Fordos studied pharmacy in Paris, completed an internship in hospital pharmacy, and for the remainder of his professional career directed pharmacy services at three Paris municipal hospitals: Midi (1841–1842), Saint-Antoine (1842–1859), and Charité (1859–1878). A friendship with Amédée Gélis, a fellow pharmacy intern, led to many years of scientific collaboration. Fordos and Gélis were among a group of hospital pharmacy intern who in 1838 founded the Société d’Émulation pour les Sciences Pharmaceutiques, which for several decades provided an important scientific outlet for young pharmacy students serving internships in the Paris hospitals.
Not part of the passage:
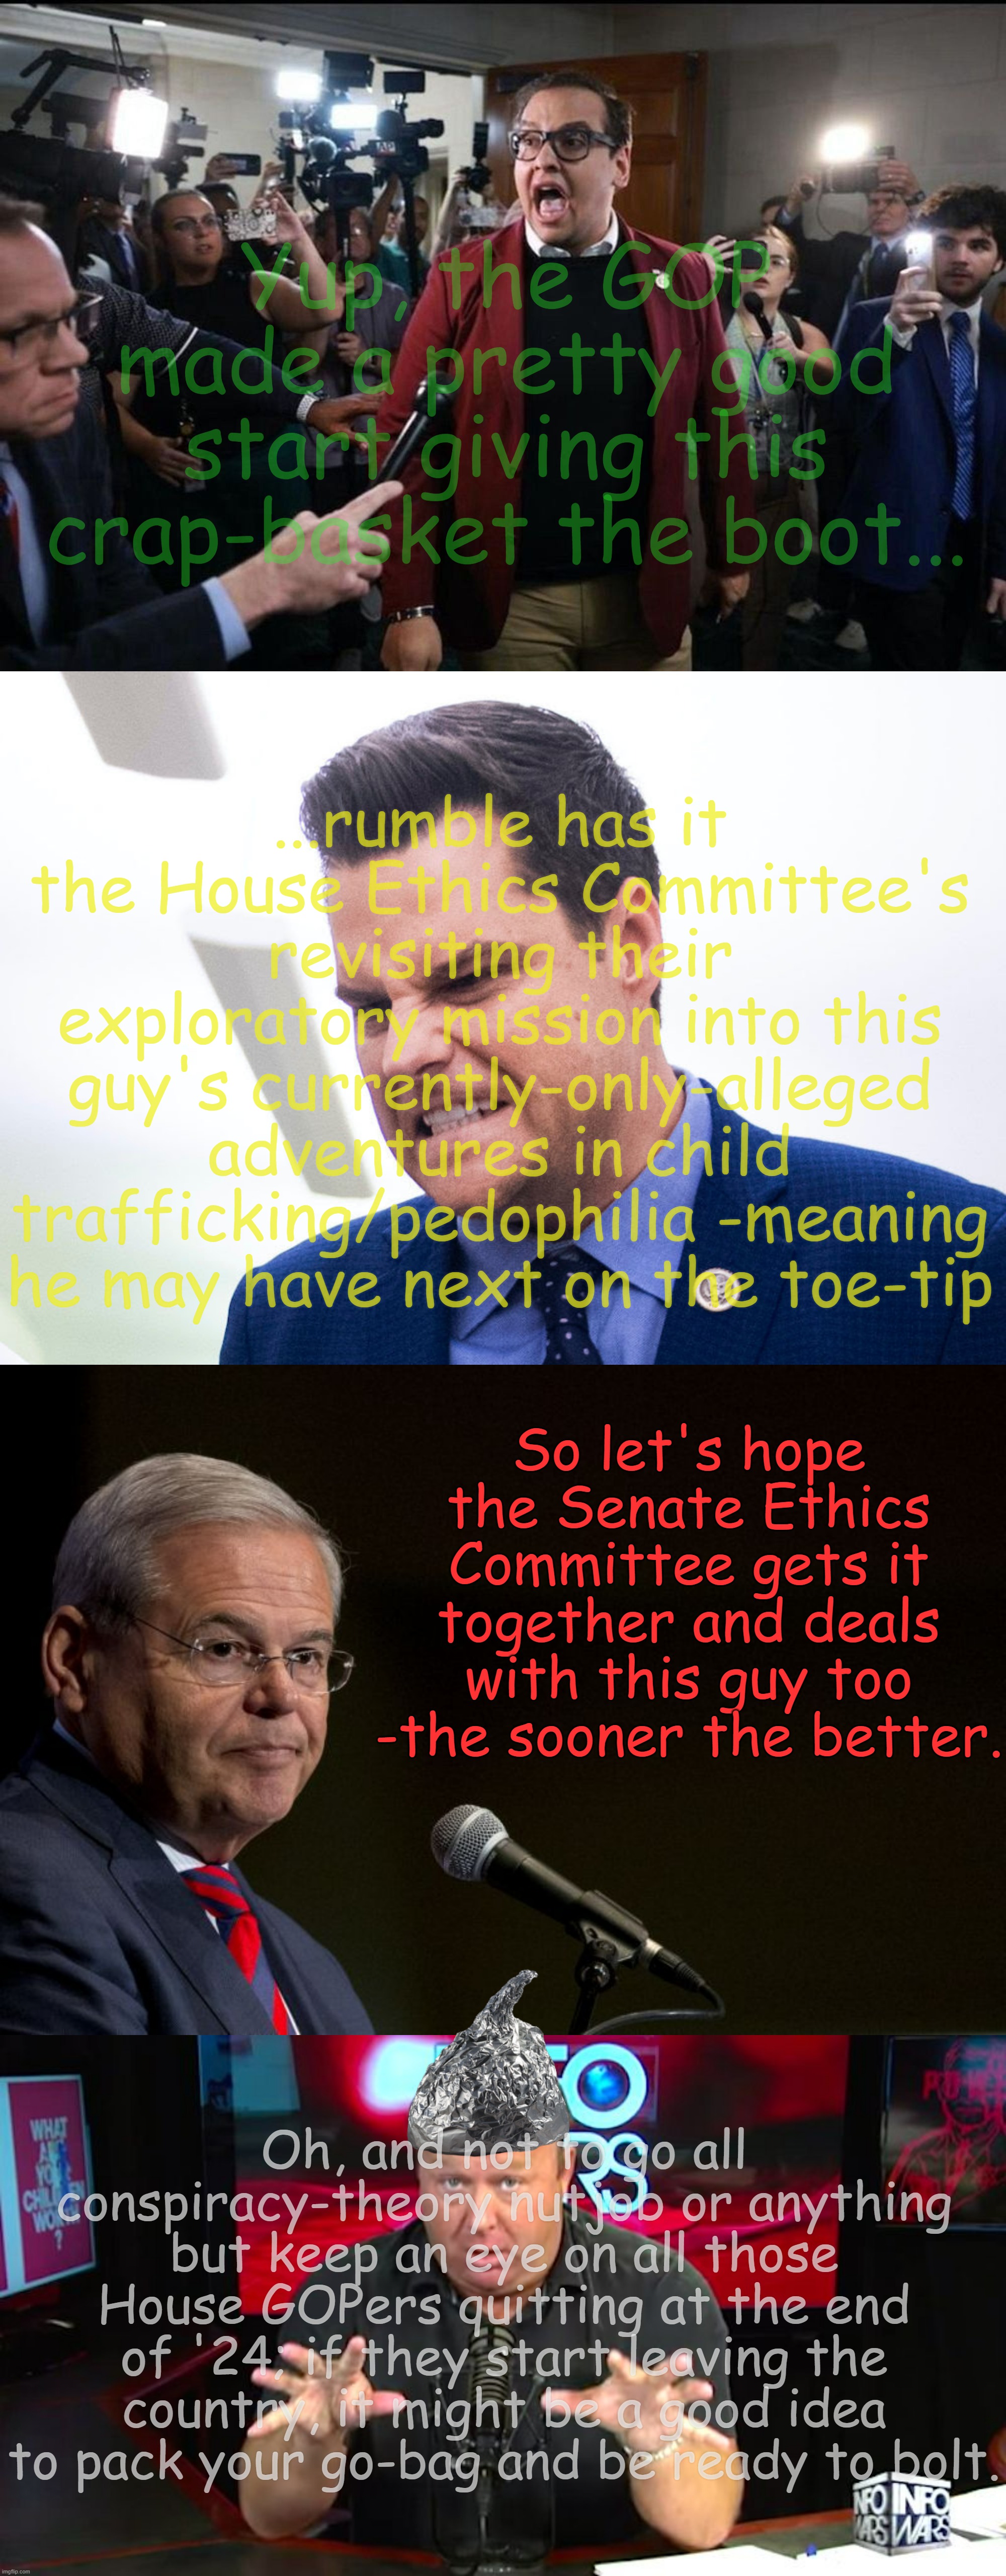 Remember, they've been deep in the enemy's camp... | Yup, the GOP made a pretty good start giving this crap-basket the boot... ...rumble has it the House Ethics Committee's revisiting their exploratory mission into this guy's currently-only-alleged adventures in child trafficking/pedophilia -meaning he may have next on the toe-tip; So let's hope the Senate Ethics Committee gets it together and deals with this guy too -the sooner the better. Oh, and not to go all conspiracy-theory nutjob or anything but keep an eye on all those House GOPers quitting at the end of '24; if they start leaving the country, it might be a good idea to pack your go-bag and be ready to bolt. | image tagged in george santos,matt gaetz,senator bob menendez,alex jones | made w/ Imgflip meme maker

The bulk of Fordos’s scientific work was carried on jointly with Gélis, who later made a career in industrial chemistry. The two were especially successful in their investigation of inorganic sulfur compounds. In 1842 they published their discovery of sodium tetrathionate, and in 1850 they elucidated the composition of sulfur nitride.
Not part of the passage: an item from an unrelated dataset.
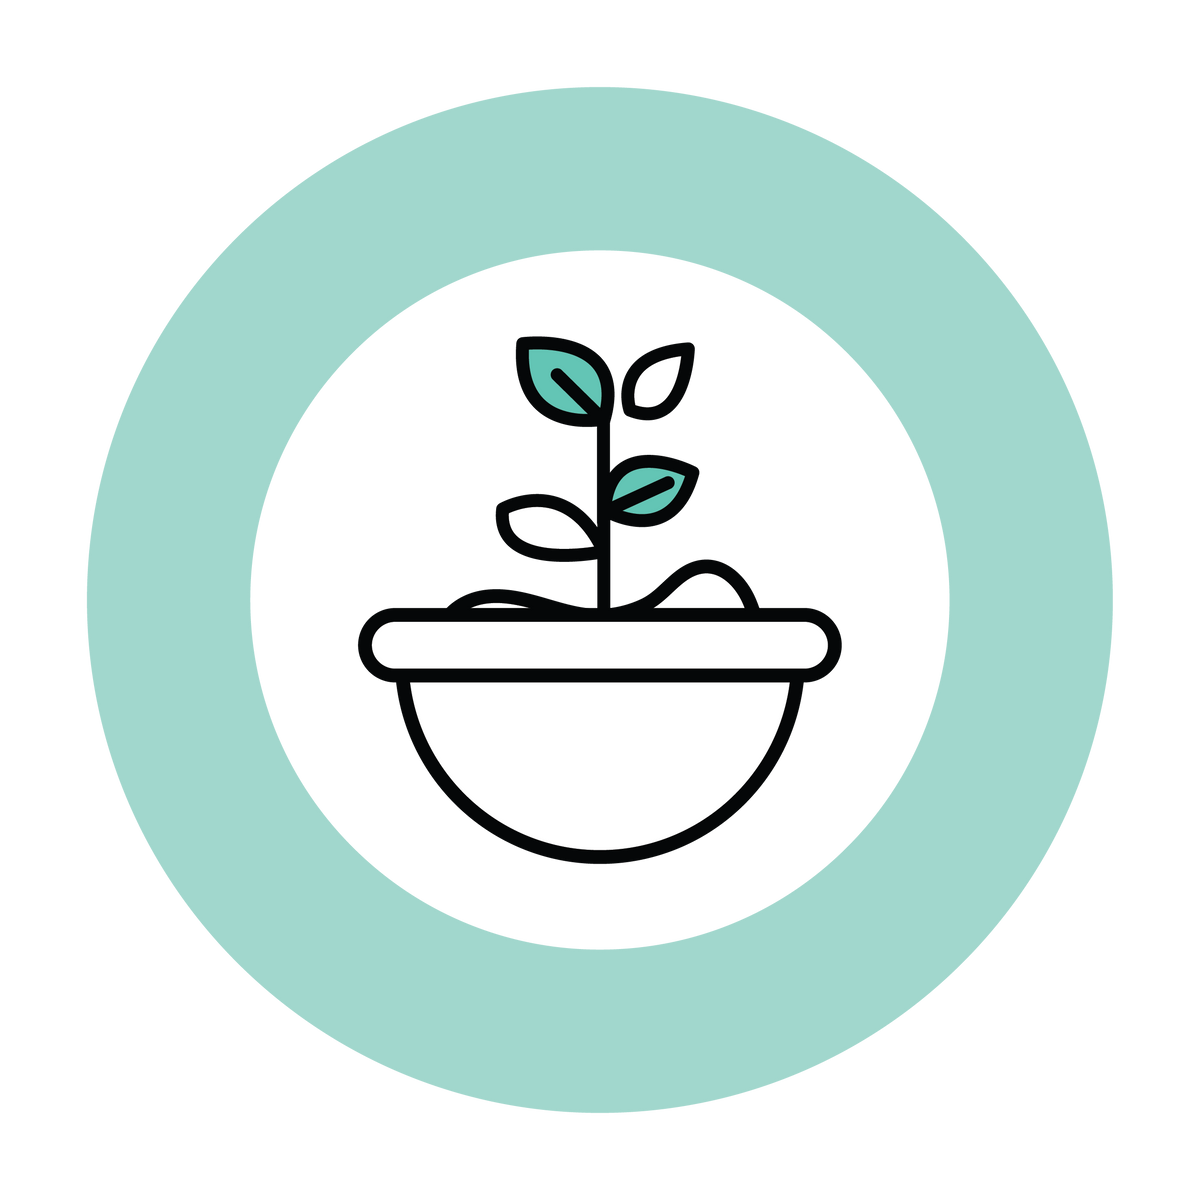 illustrated plant seedling growing in a pot surrounded by a teal circle

Of the several investigations which Fordos pursued alone, the most important was his chemical isolation of a blue crystalline pigment from purulent bandages, which he called pyocyanine and which Carle Gessard showed in 1882 to be produced by Pseudomonas pyocyanea (Pseudomonas aeruginosa). Fordos’s procedure for obtaining pyocyanine and his description of its physical properties were published in 1860, and by 1863 he was able to perfect his method of extraction and obtain a much greater yield of this substance.
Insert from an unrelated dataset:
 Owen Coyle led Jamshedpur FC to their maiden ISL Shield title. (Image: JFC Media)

Noteworthy also was Fordos’s contribution to public health aspects of lead toxicity. From 1873 to 1875 he conducted experiments showing that drinking water passing through lead pipes, as well as liquids stored in tin-lead alloy utensils, would absorb toxic amounts of lead. His interest in this problem led him to devise and publish (1875) a rapid industrial process for detecting lead in pots and vessels lined with tin.

BIBLIOGRAPHY

I. Original Works. Among Fordos’s most important publications dealing with inorganic compounds of sulfur, written jointly with Gélis, are the following; “Sur un nouvel oxacide du soufre,” in Comptes rendus hebdomadaires des séances del’Académie des sciences, 15 (1842), 920–923; and “Sur le sulfure d’azote,” ibid., 31 (1850), 702–705. For Fordos’s isolation of pyocyanine, see “Recherches sur la matiere colorante des suppurations bleues: pyocyanine,” ibid., 51 (1860), 215–217; and “Recherches sur les matières colorantes des suppurations bleues; pyocyanine et pyoxanthose,” ibid., 56 (1863), 1128–1131.

Representative of Fordos’s papers on lead toxicity and the chemical detection of lead are “Action de l’eau aérée sur le plomb,” ibid., 77 (1873), 1099–1102; “Action de l’eau de Seine et de l’eau de l’Ourcq sur le plomb,” ibid., 1186- 1188; “Du rôle des sels dans l’action des eaux potables sur le plomb,” ibid., 78 (1874), 1108–1111; “De l’action des liquides alimentaires ou médicamenteux sur les vases en étain contenant du plomb,” ibid., 79 (1874), 678–680; “De l’essai des étamages contenant du plomb; procédé d’essai rapide,” ibid., 80 (1875), 794–796. A comprehensive listing of Fordos’s publications is given in Albert Goris et al., Centenaire de l’internat en pharmacie des hôpitaux et hospices civils de Paris (Paris, 1920), pp. 374–376.

II. Secondary Literature. See Albert Goris, op. cit., pp. 374, 805; and J. R. Partington, A History of Chemistry, IV (London-New York, 1964), 84, 391, 925.